_TASK DESCRIPTION:_ Keep images out and repeat all data exactly.

_DATA:_
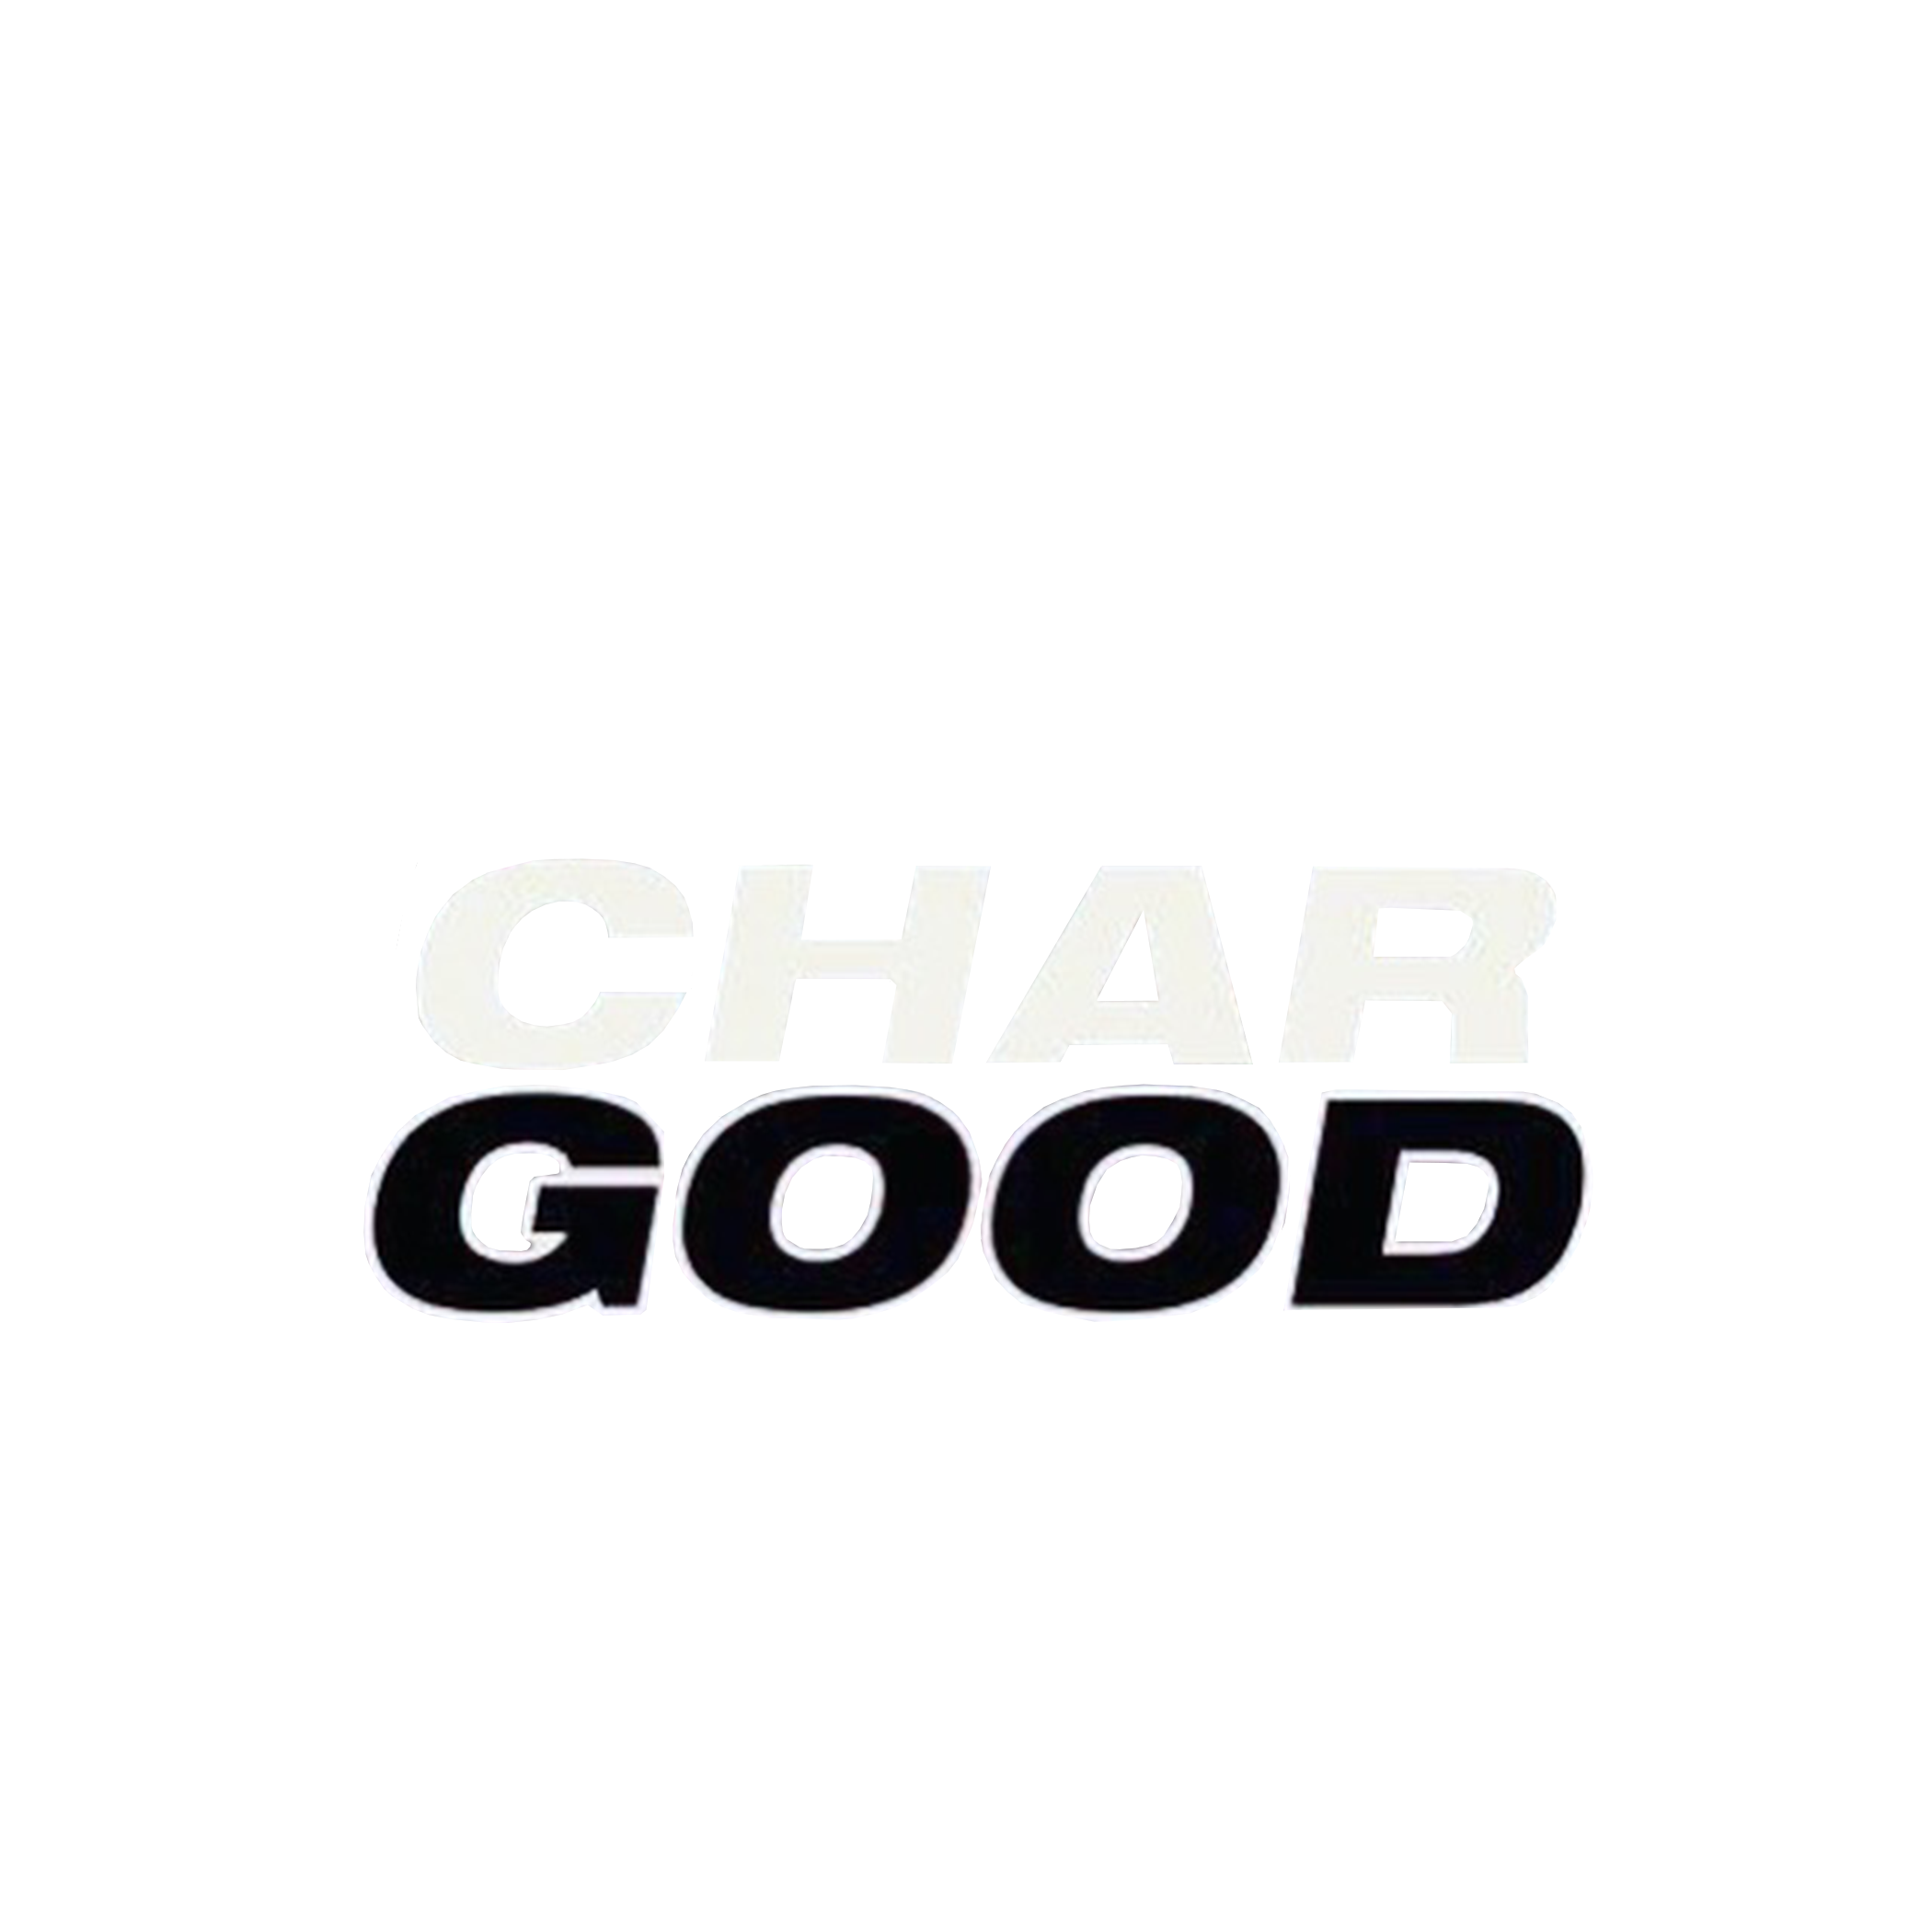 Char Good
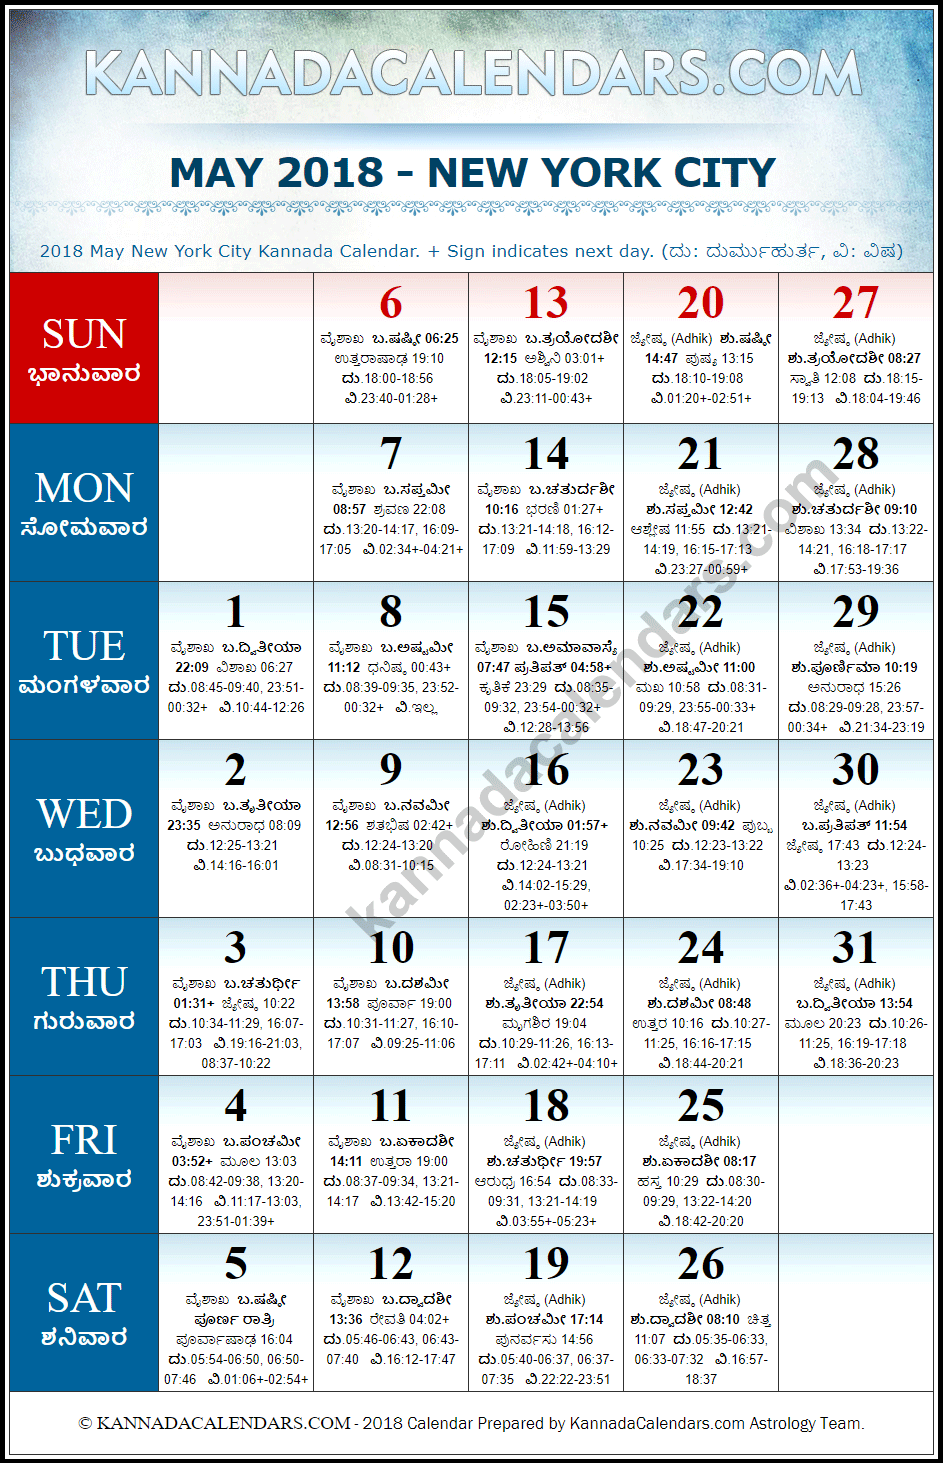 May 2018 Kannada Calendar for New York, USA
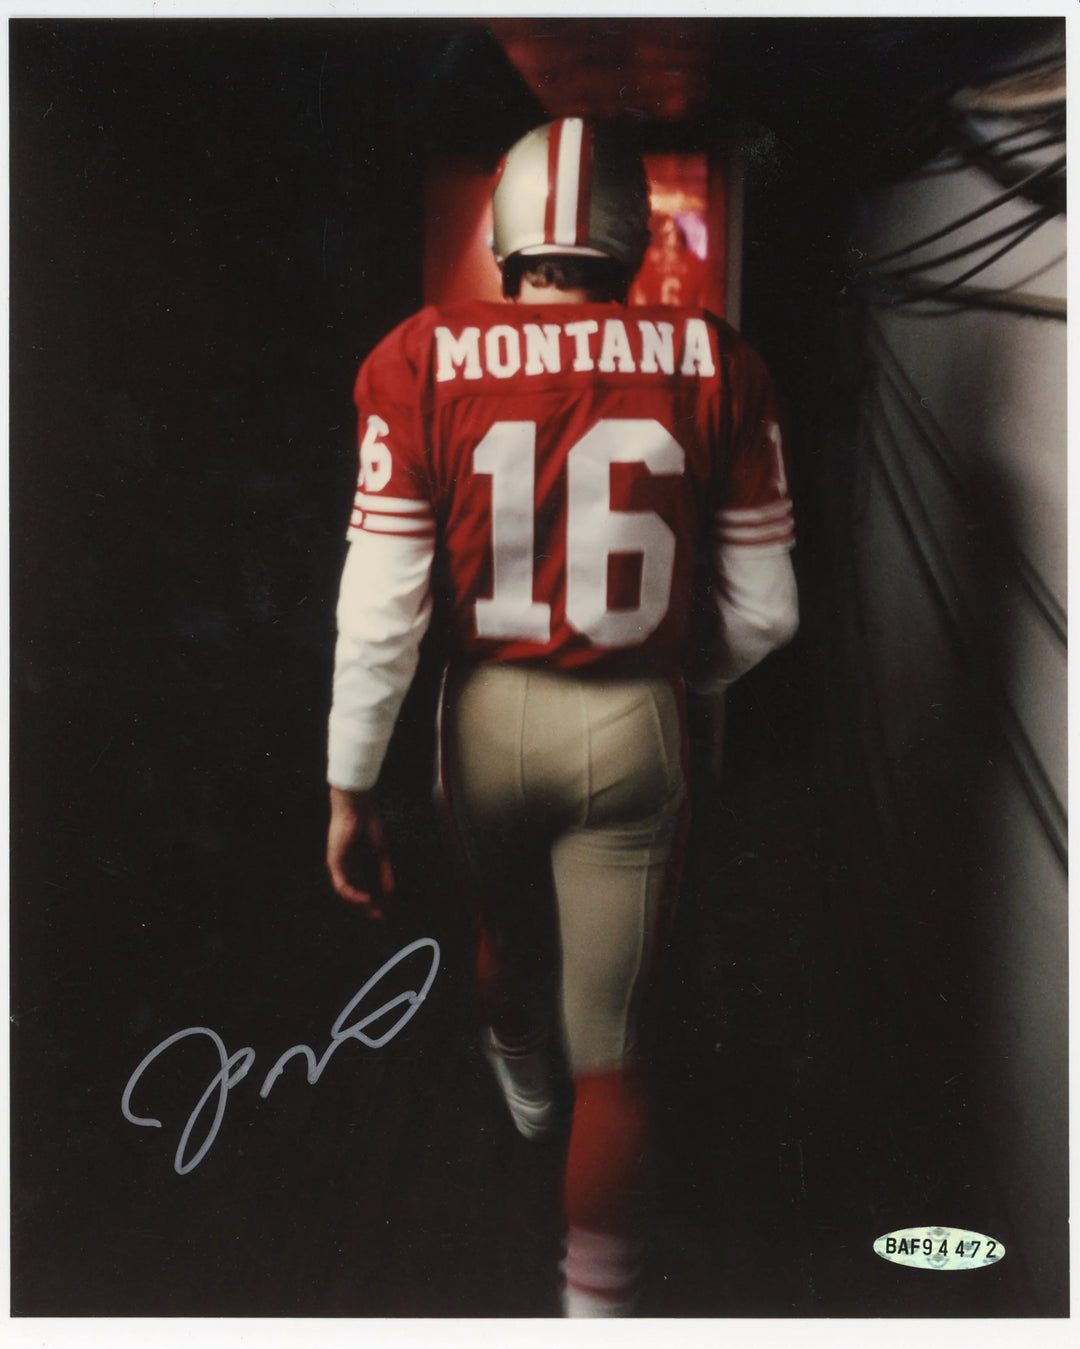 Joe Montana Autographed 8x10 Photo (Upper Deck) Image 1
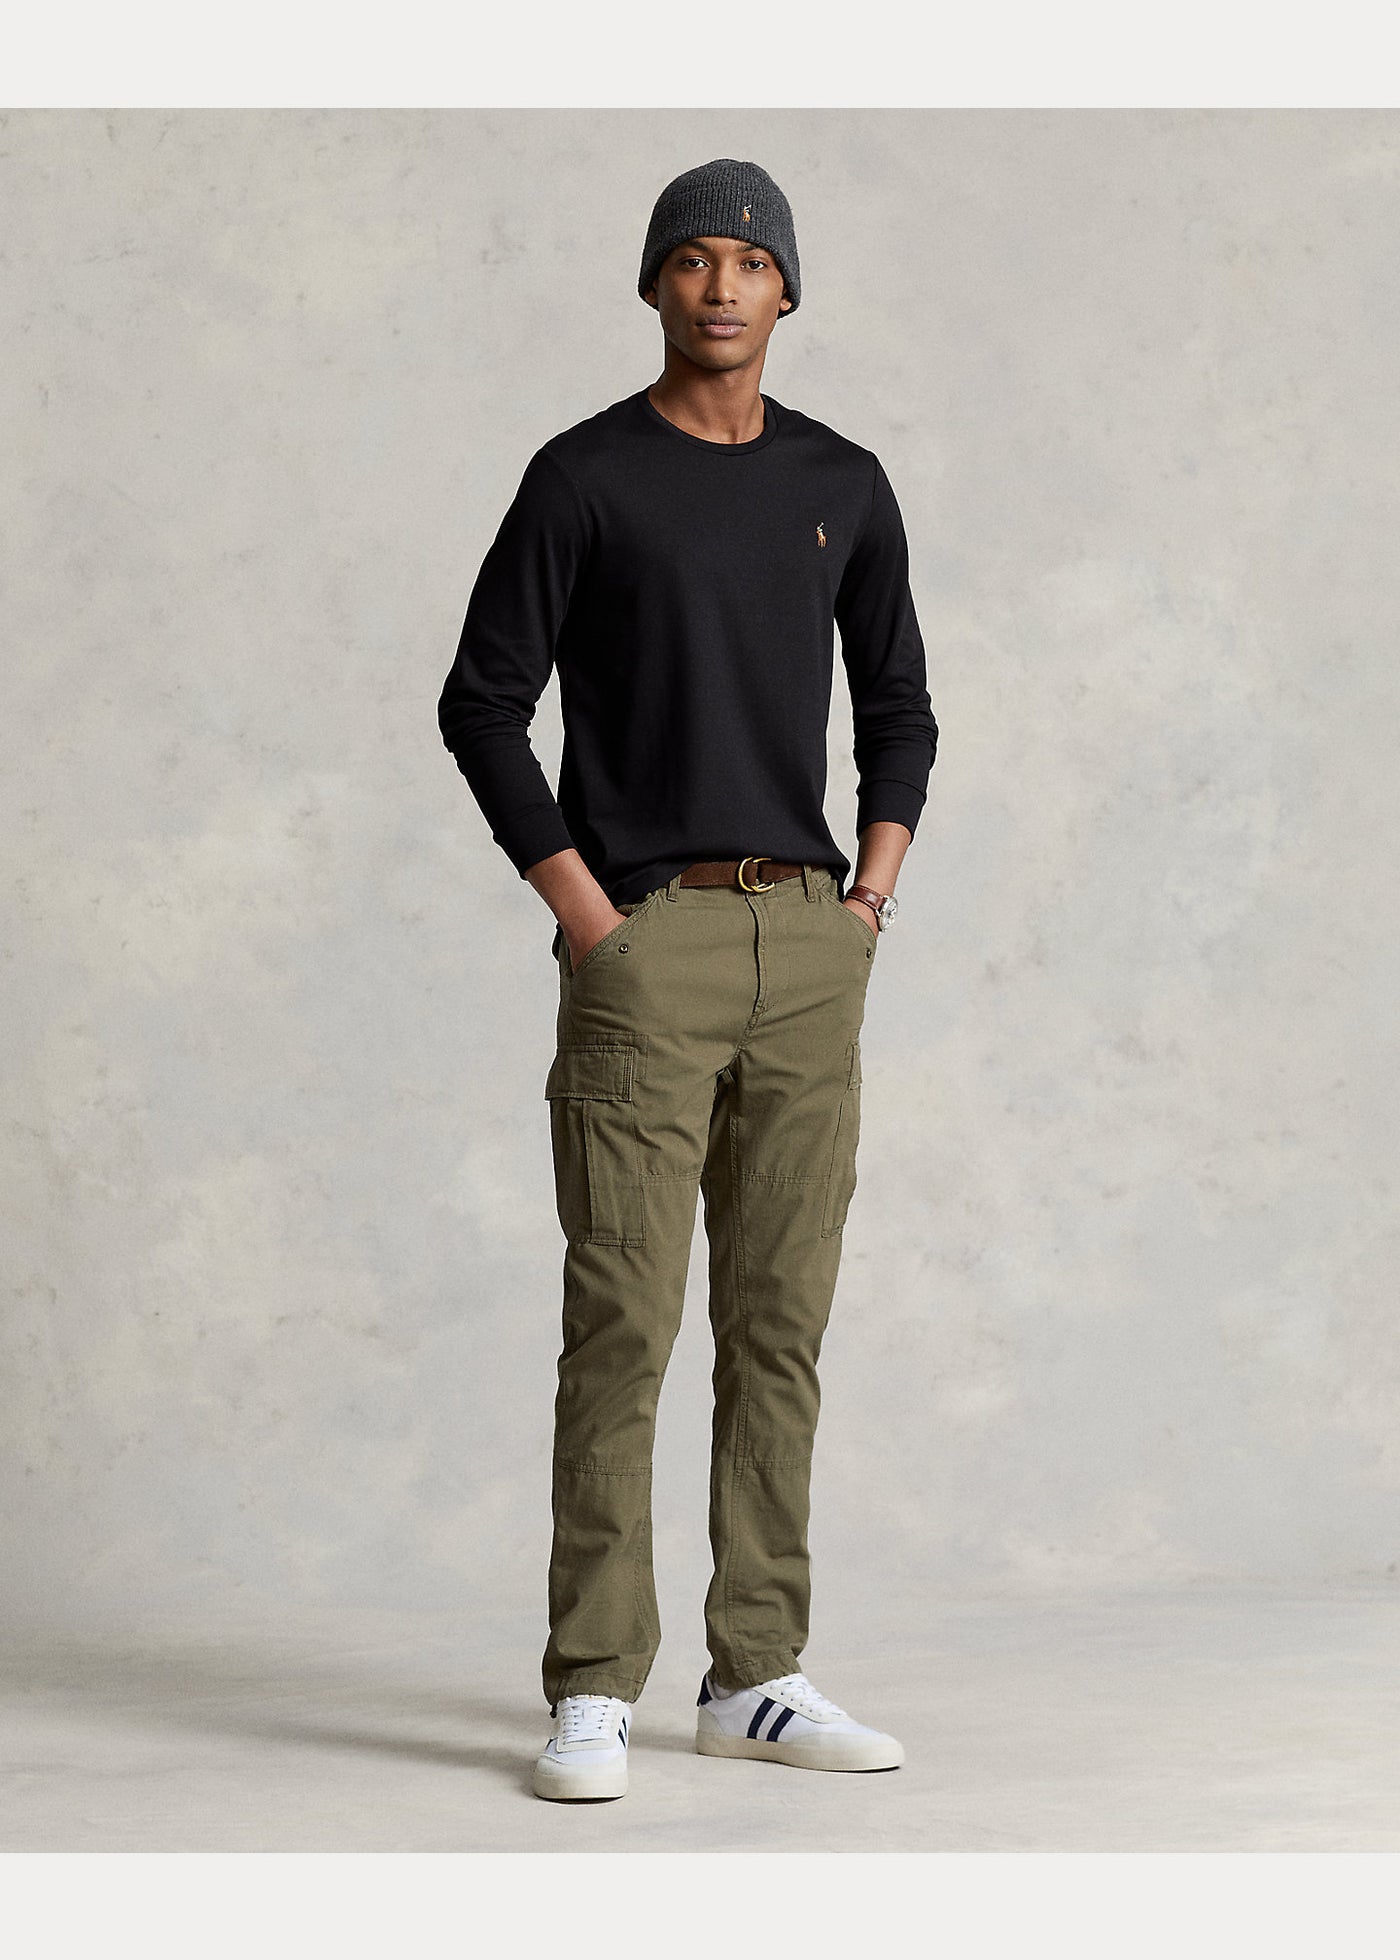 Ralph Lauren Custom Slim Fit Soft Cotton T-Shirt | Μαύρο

_TASK ANSWER:_
 Char Good
 May 2018 Kannada Calendar for New York, USA
 Joe Montana Autographed 8x10 Photo (Upper Deck) Image 1
 Ralph Lauren Custom Slim Fit Soft Cotton T-Shirt | Μαύρο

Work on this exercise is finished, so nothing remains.